# DATA SECTION
###
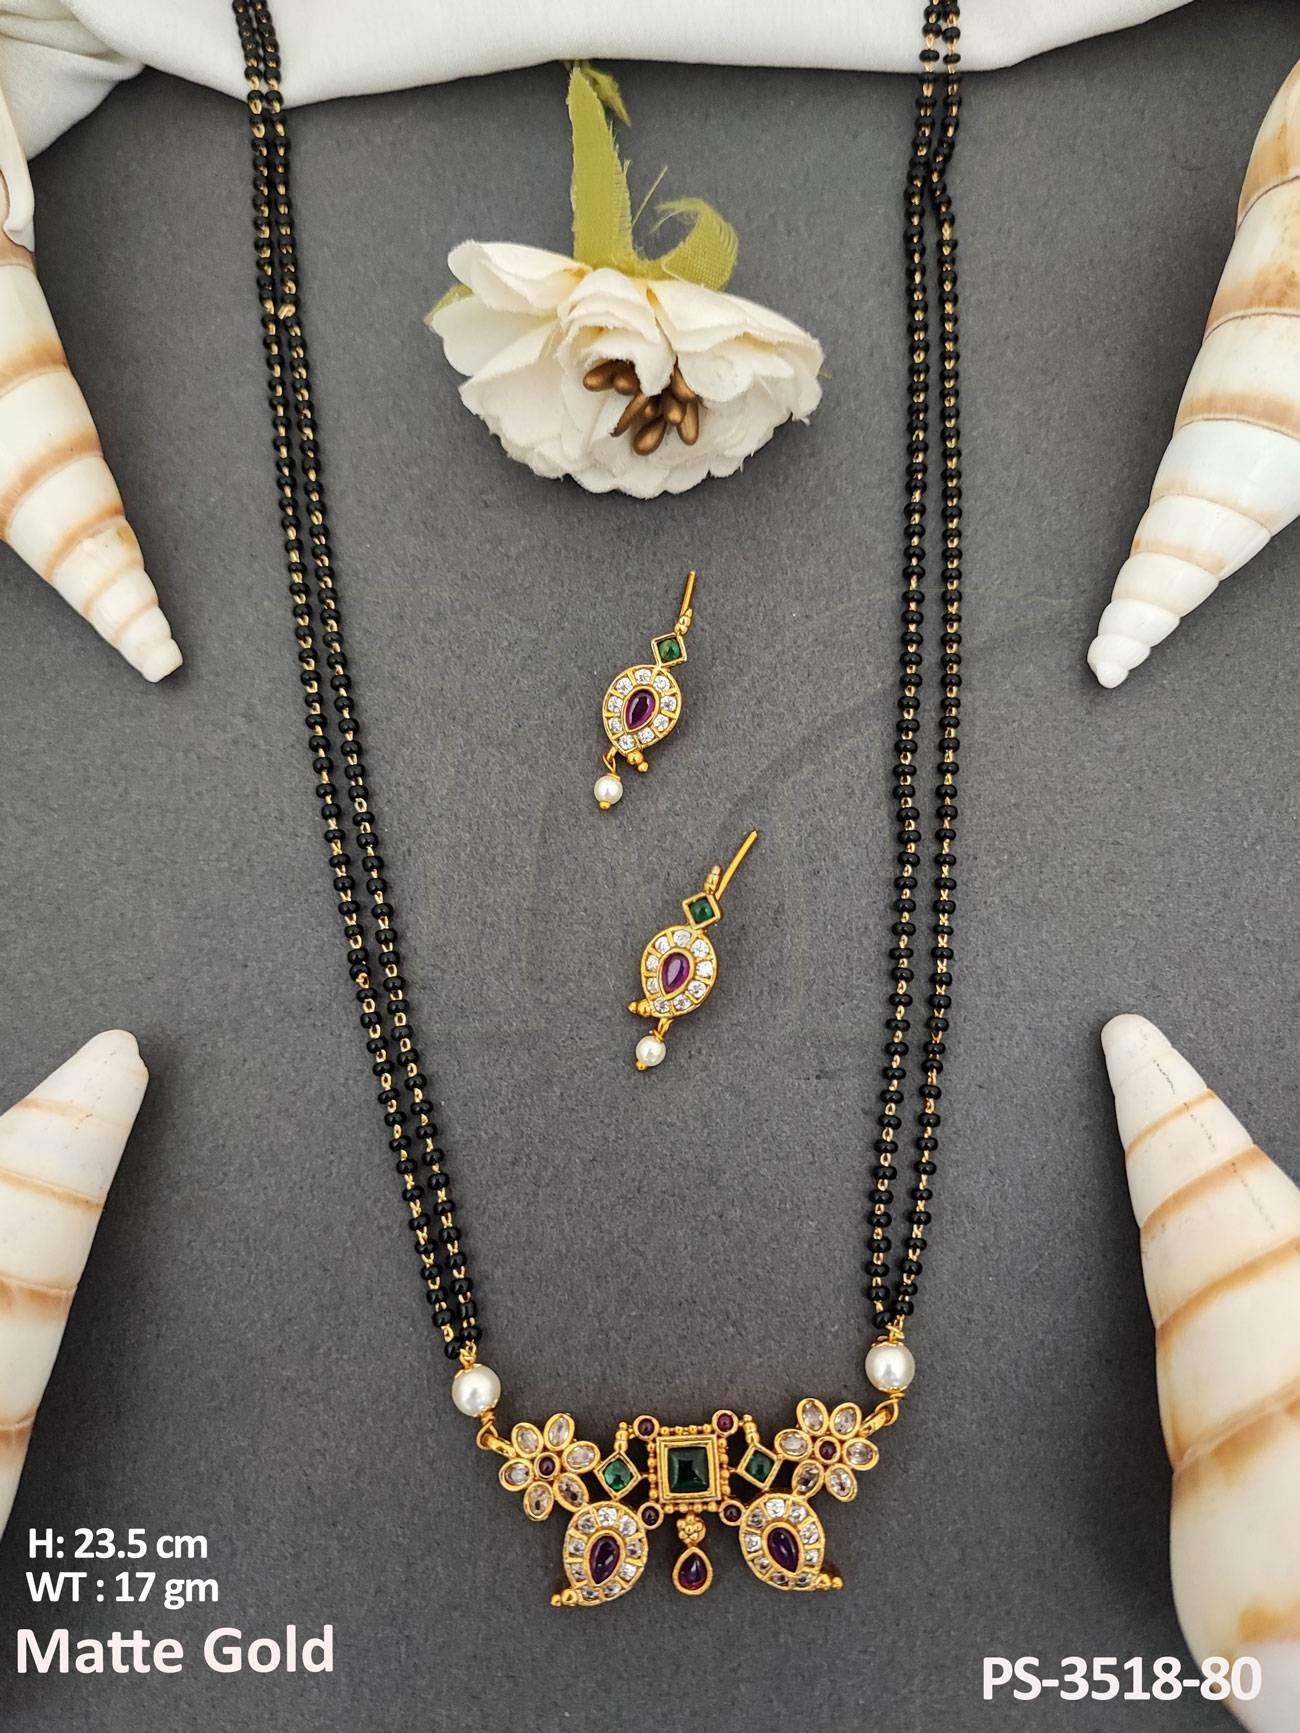 Exclusive Pendant Set features a designer design with elegant gold matte polish and intricate kemp jewellery detailing.
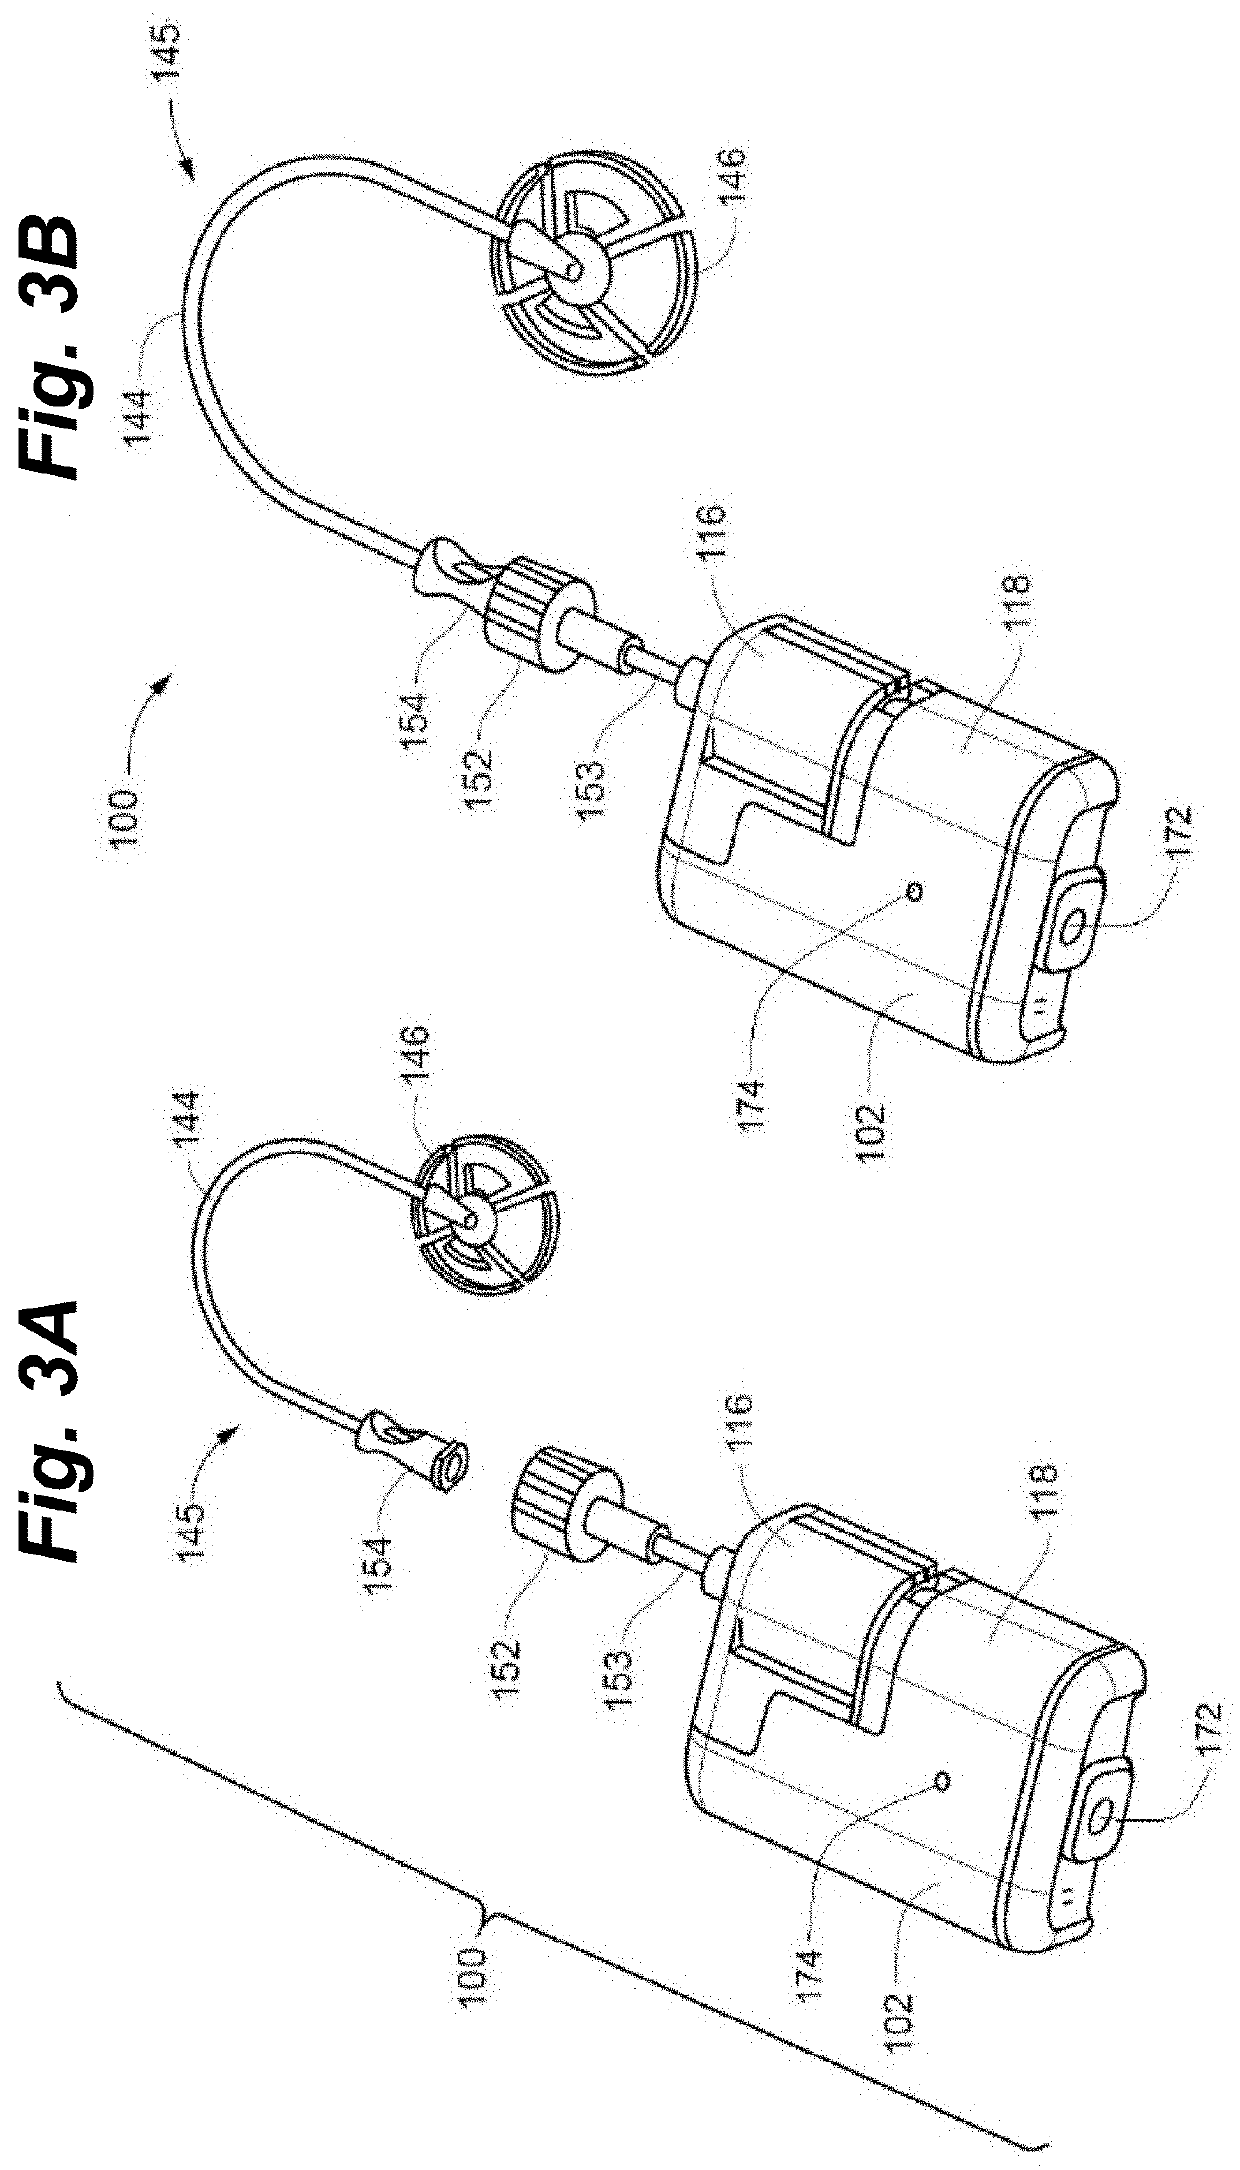 Systems and methods for automated insulin delivery response to meal announcements
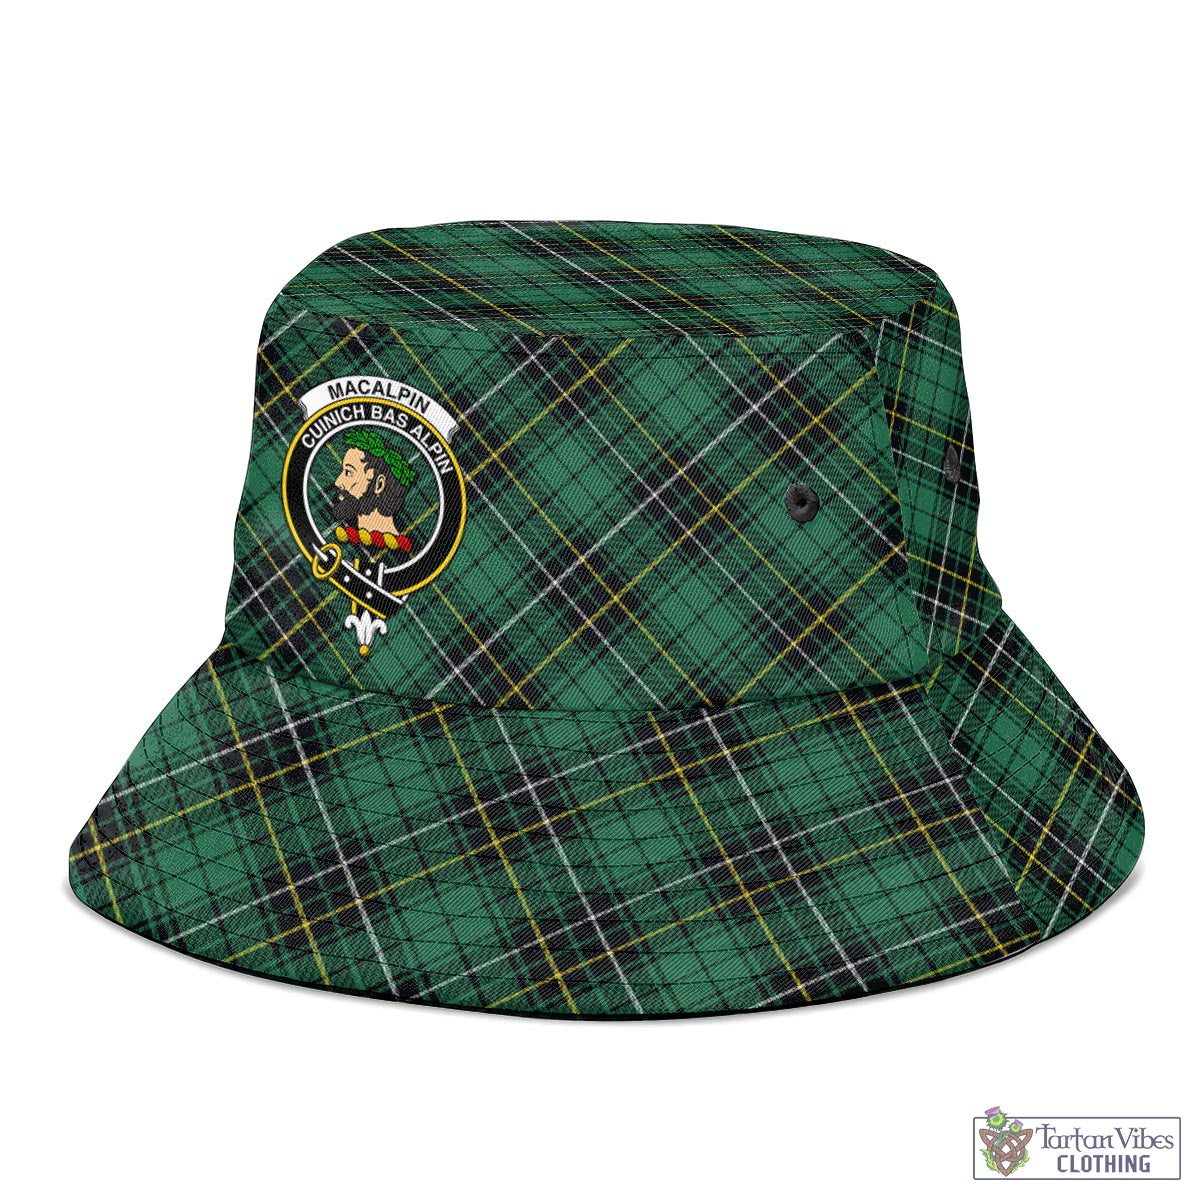 Tartan Vibes Clothing MacAlpin Ancient Tartan Bucket Hat with Family Crest
###
# DIRECTIONS
Where a picture appears, skip it; repeat everything else in the data exactly.

# ANSWER BOX
 Exclusive Pendant Set features a designer design with elegant gold matte polish and intricate kemp jewellery detailing.
 Systems and methods for automated insulin delivery response to meal announcements
 Tartan Vibes Clothing MacAlpin Ancient Tartan Bucket Hat with Family Crest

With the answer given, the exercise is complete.